• Assignment:
The entries below hold a line with "- Fitted to the body" and a line with "FR 40 - EN 44 - UK 12 - US 8". Return those lines and all that lie between them, exactly and only.

• Data:
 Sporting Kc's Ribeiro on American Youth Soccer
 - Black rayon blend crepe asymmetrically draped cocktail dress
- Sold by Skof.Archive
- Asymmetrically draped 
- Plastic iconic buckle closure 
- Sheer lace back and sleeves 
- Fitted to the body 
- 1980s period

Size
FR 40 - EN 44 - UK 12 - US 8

* * *

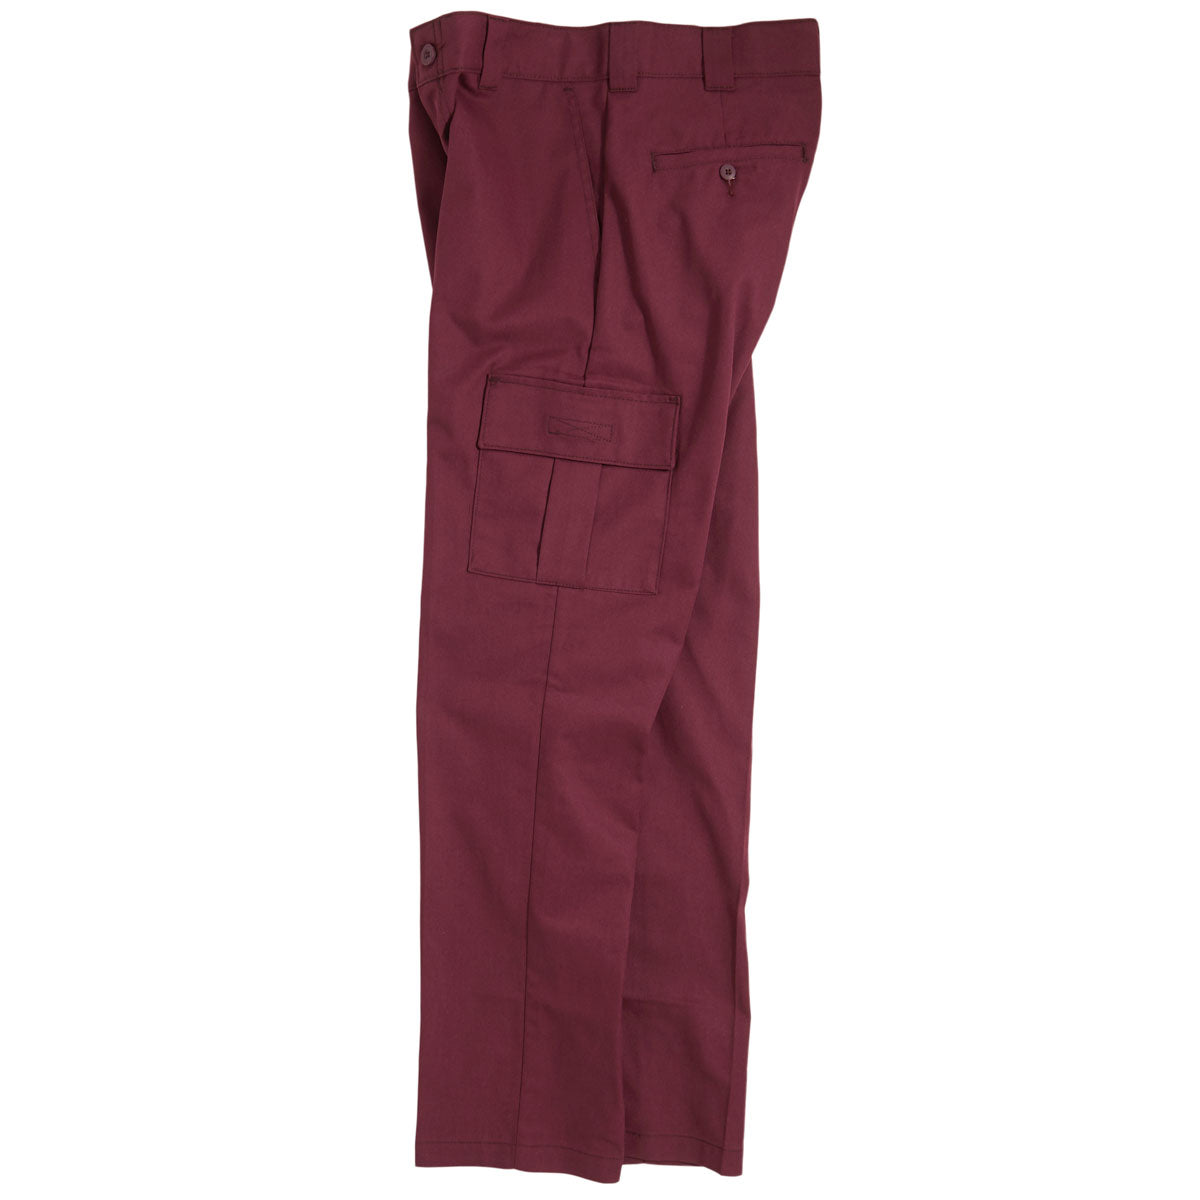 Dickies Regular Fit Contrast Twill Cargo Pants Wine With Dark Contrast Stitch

* * *

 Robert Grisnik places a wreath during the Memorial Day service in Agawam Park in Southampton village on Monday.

• Output:
- Fitted to the body 
- 1980s period

Size
FR 40 - EN 44 - UK 12 - US 8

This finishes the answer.